Lung adenocarcinomas are usually heterogeneous with multiple subtypes. Thus, extracted radiomics values do not necessarily reflect the characteristics of each subtype itself, but those of the entire lesion with multiple subtypes. To reduce the influence of mixed subtypes, Li-Wei C et al. performed radiomics analysis with “near-pure” histopathological subtypes (a predominant subtype > 70% of tumor volume) and achieved high sensitivity and moderate specificity [17].

In this study, higher entropy and coefficient of variation were significant indicators to predict solid and micropapillary components in lung invasive adenocarcinoma. According to some previous studies, higher histogram entropy was associated with worse outcome. This may reflect that micropapillary and solid components have poor prognosis [18, 19]. Entropy and coefficient of variation are first-order statistics that describe the distribution of voxel intensities within the image region. Entropy describes the uncertainty or randomness of the image values. The coefficient of variation is the ratio of the standard deviation to the mean, and the higher the coefficient of variation, the greater the dispersion. This indicates that tumors with solid and micropapillary components have heterogeneity, and even invisible heterogeneity can be identified with the radiomics approach. In this study, detailed radiomics was performed using HSR-CT data with 1024 matrix, but the results were based on 2D analysis. The pathological tumor heterogeneity is complex, and further analysis is needed to develop dedicated software for three-dimensional (3D) texture analysis on HSR-CT with 1024 matrix, and to investigate the relationship between micropapillary and solid component and 3D texture analysis using a large cohort in the future.

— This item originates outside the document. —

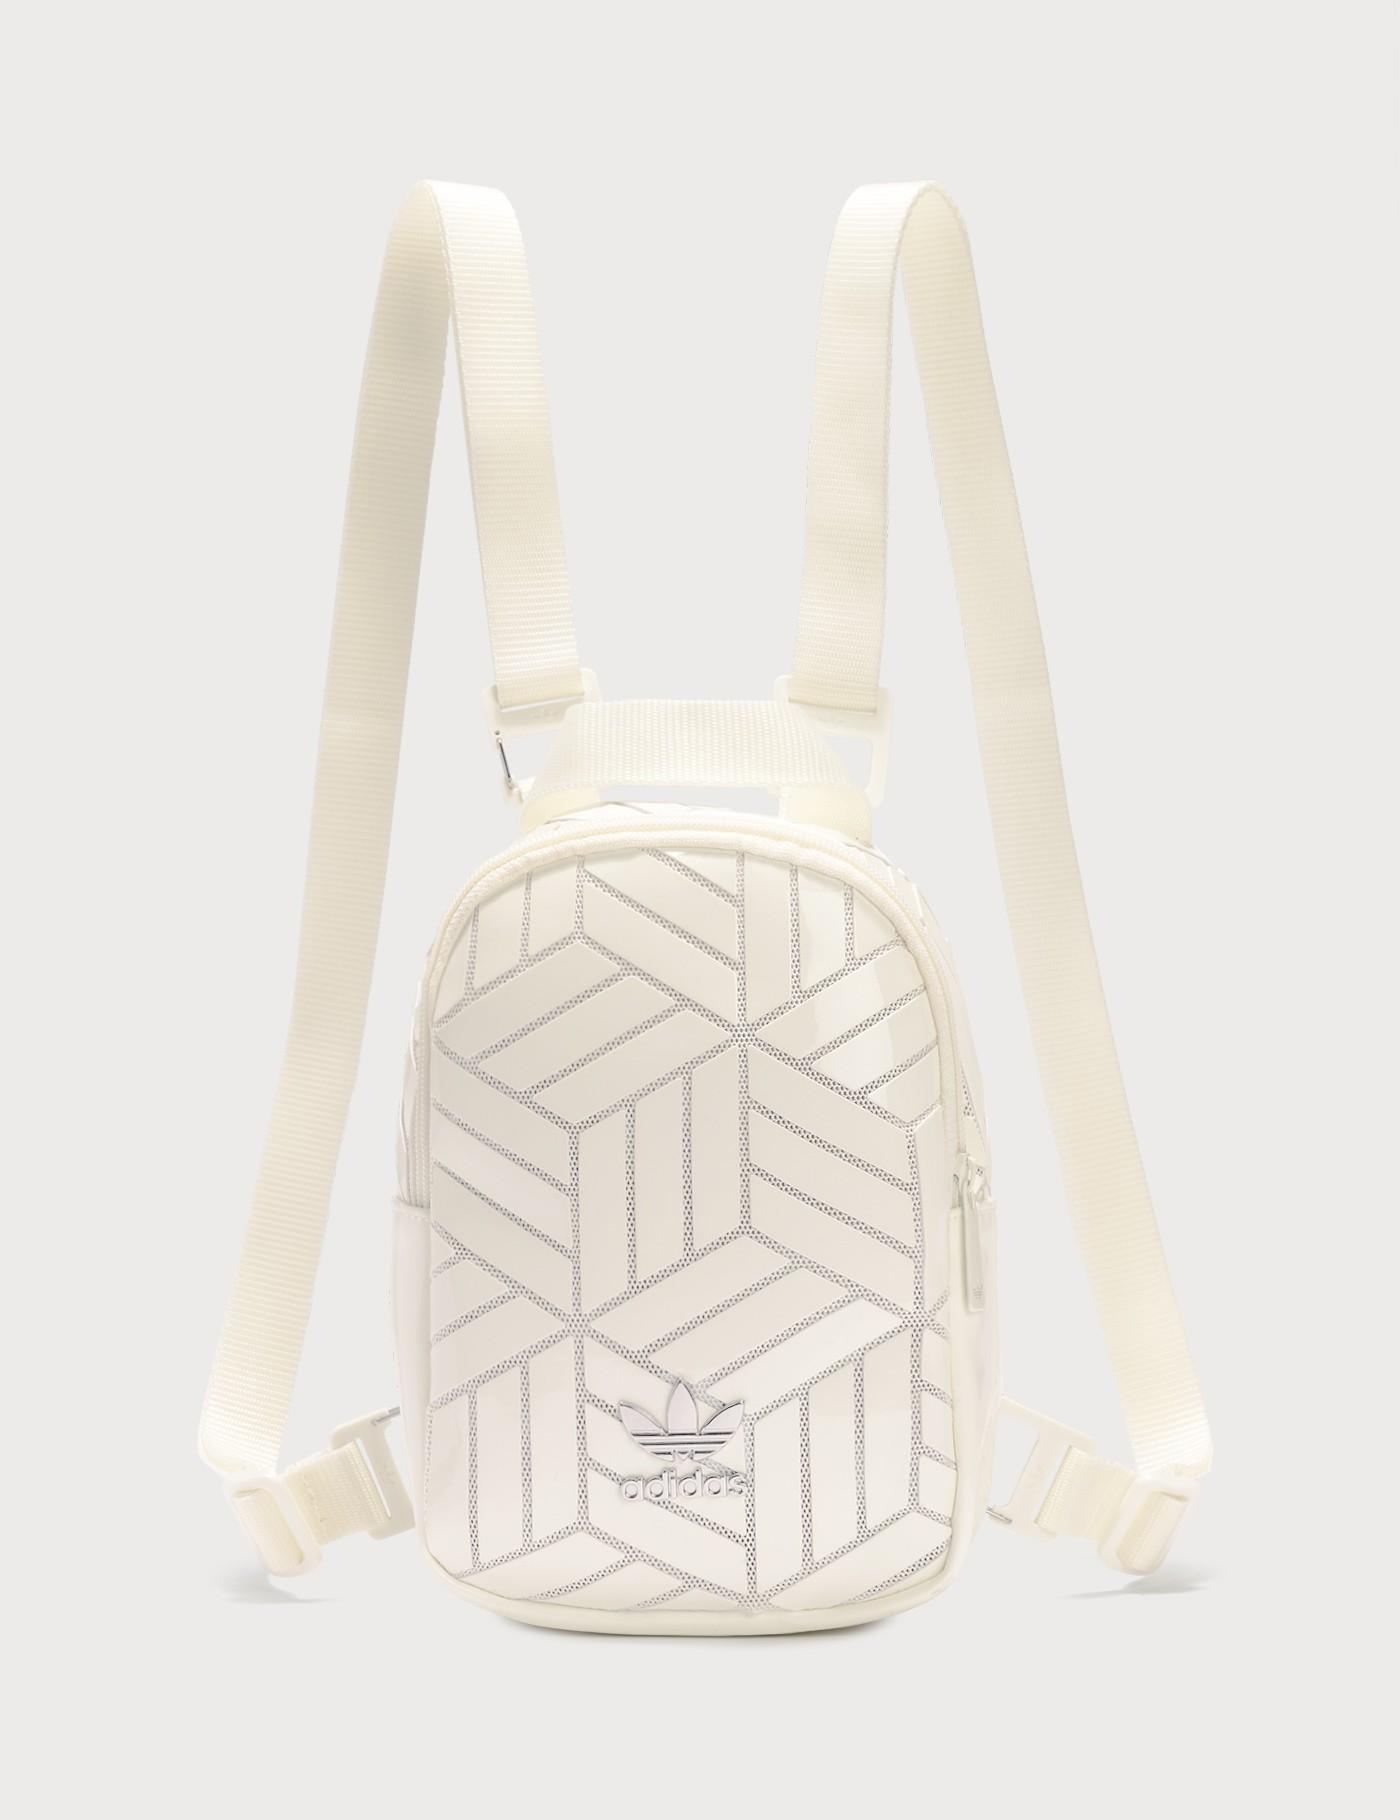 adidas mini backpack white

Our study has several limitations. First, this study was based on 2D texture as described above. 3D texture analysis is desirable to analyze the complex heterogeneity of tumors. However, we analyzed not a whole lesion of the tumors but cross-sectional CT images where the solid portion is the maximum because currently there is no 3D texture analysis software for data on HSR-CT with large matrix size. Second, this study was a retrospective study at a single institution, and the number of cases with micropapillary was small. Because of the small data in this study, ten-fold cross-validation was performed for the evaluations. Further studies with larger cohorts including micropapillary and solid patterns are needed to confirm our results. Third, we used only a single texture analysis software. Texture features are known to be significantly affected by the CT acquisition protocol and pre-processing methods [20]. The way of segmentation and selection of cross-sections may vary the radiomic features. In this study, there was no influence of the selection of the cross-sections, because the two radiologists segmented the same cross-sectional CT images that were selected in advance.

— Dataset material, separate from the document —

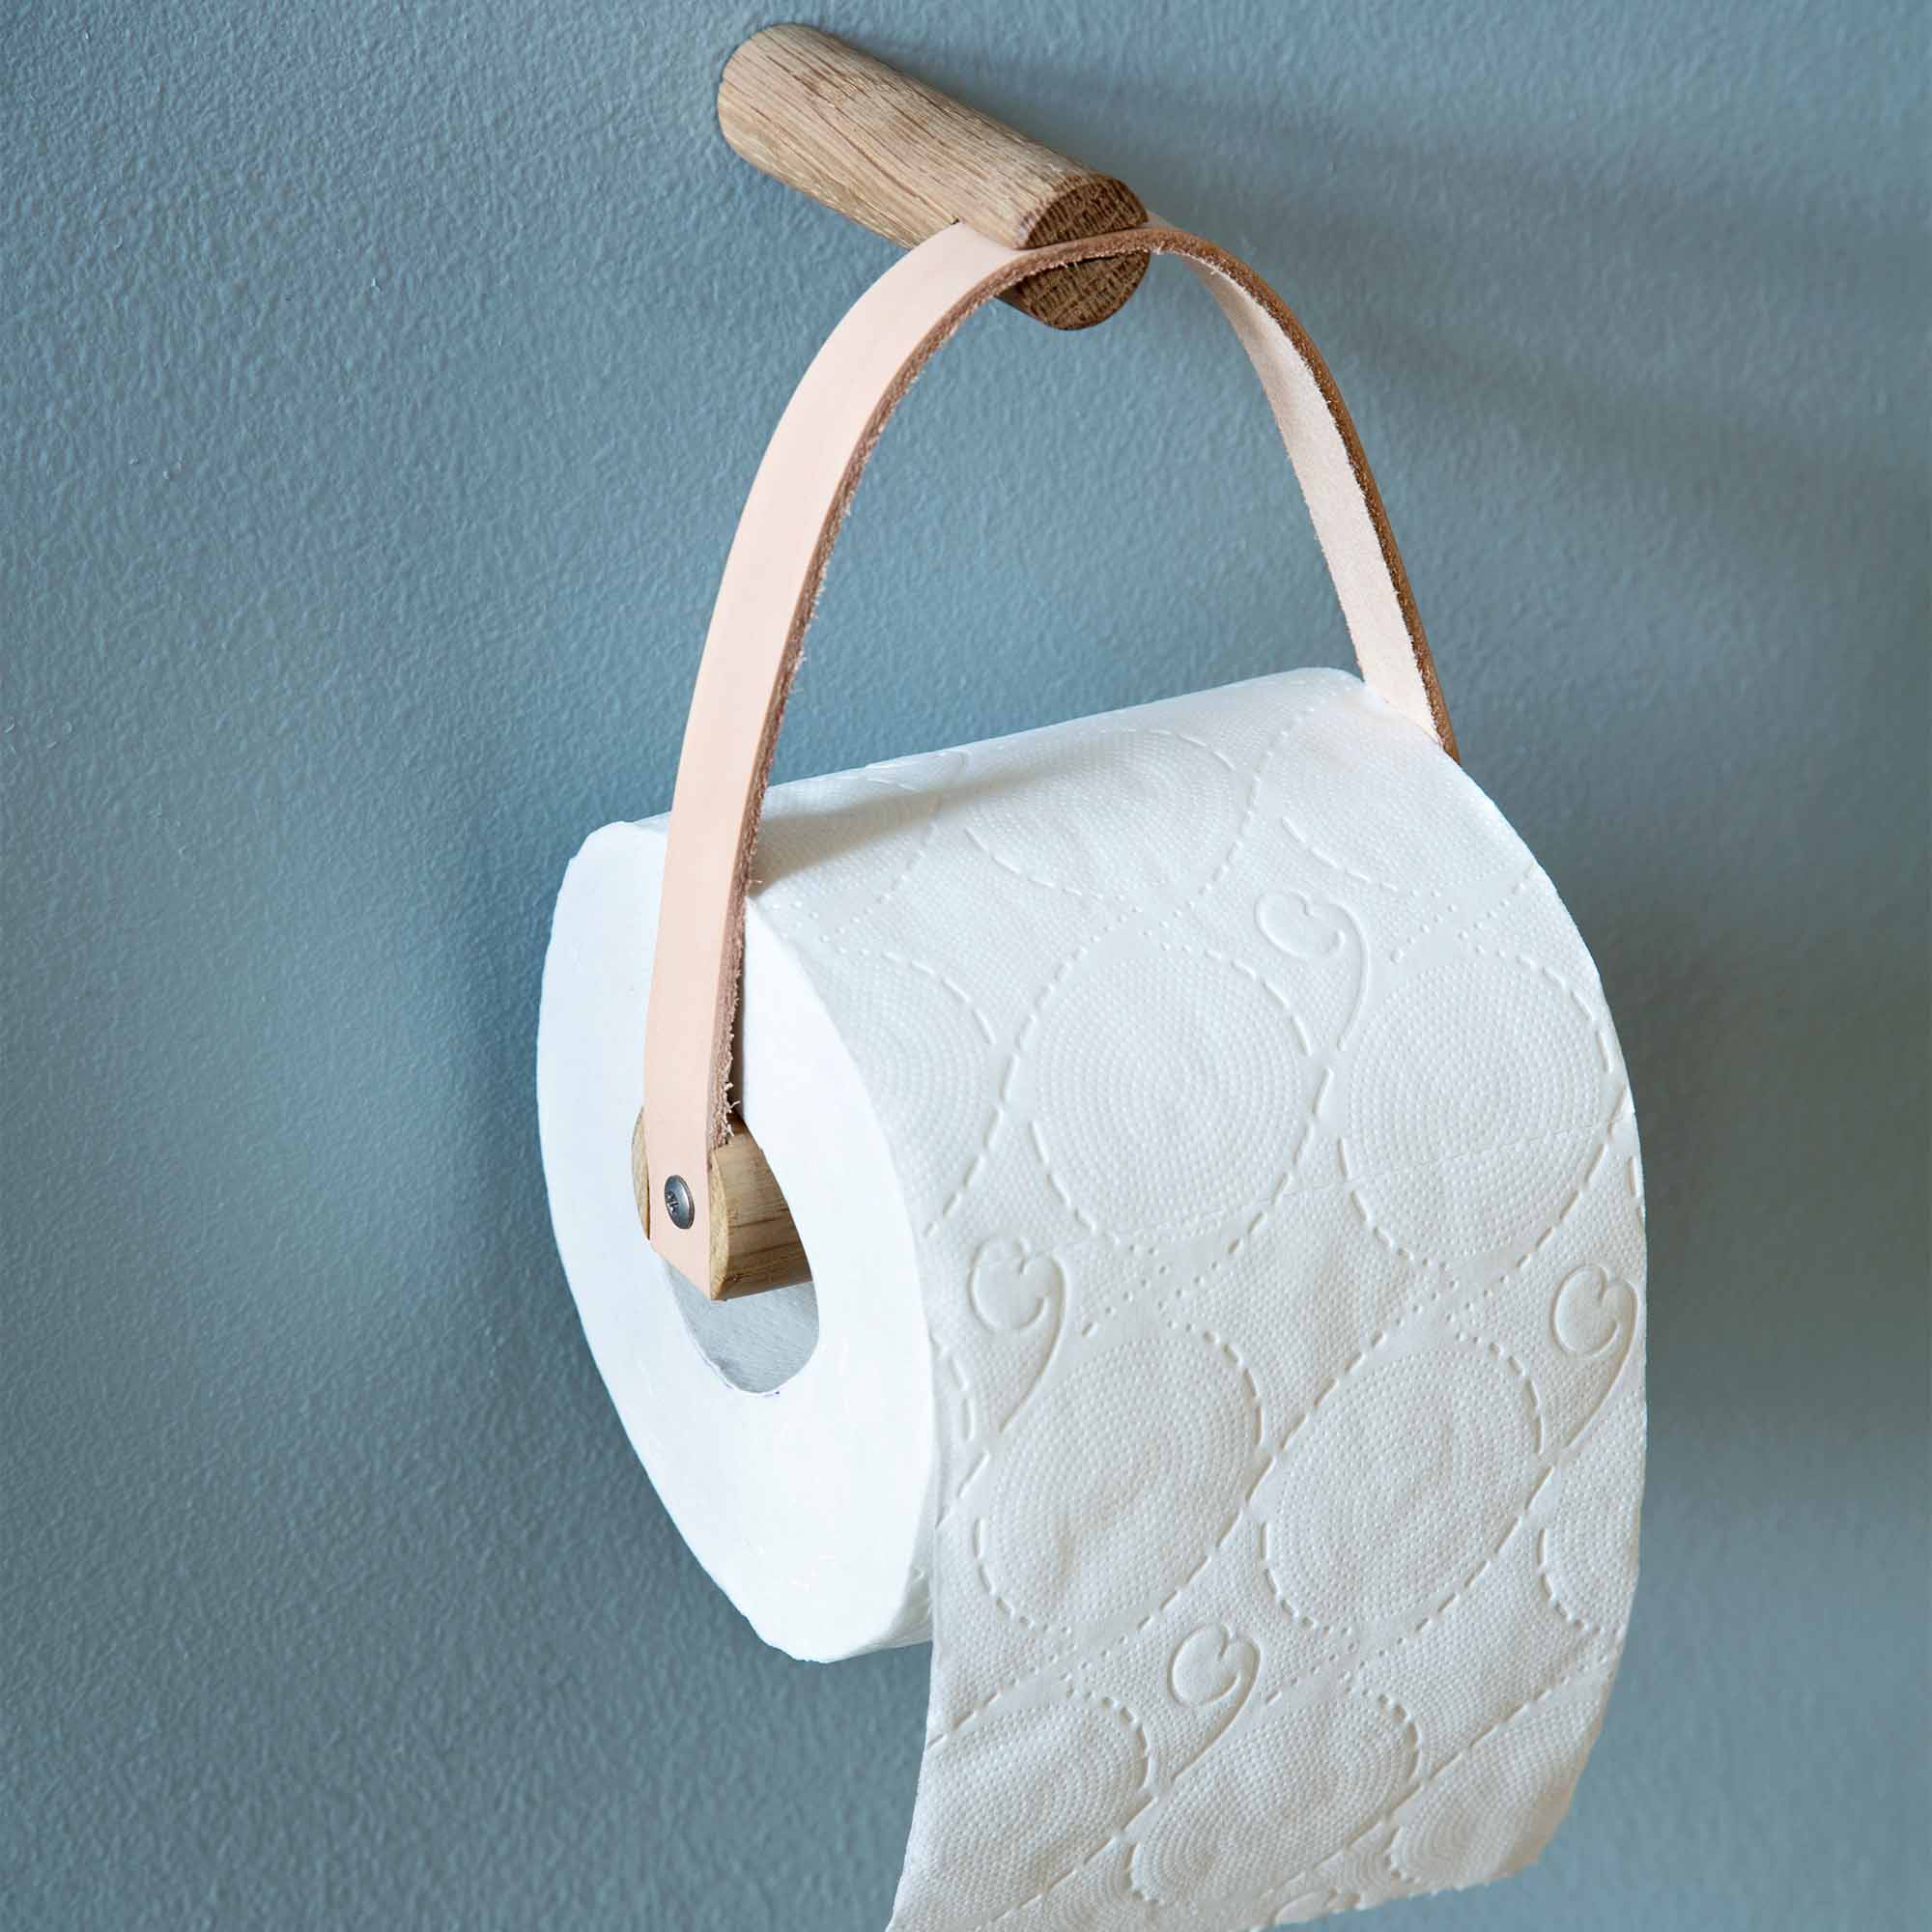 Support pour papier toilette chêne et cuir * By wirth

In conclusion, two texture features (coefficient variation and entropy) from HSR-CT with 1024 matrix were significant indicators to predict solid and micropapillary components in lung invasive adenocarcinoma. This may be useful to predict the prognosis of each patient and determine a more appropriate treatment plan. However, since different radiologists have different criteria for using radiomics results, it may be necessary to build an explanatory radiomics prediction model and establish criteria for our future use of radiomics results.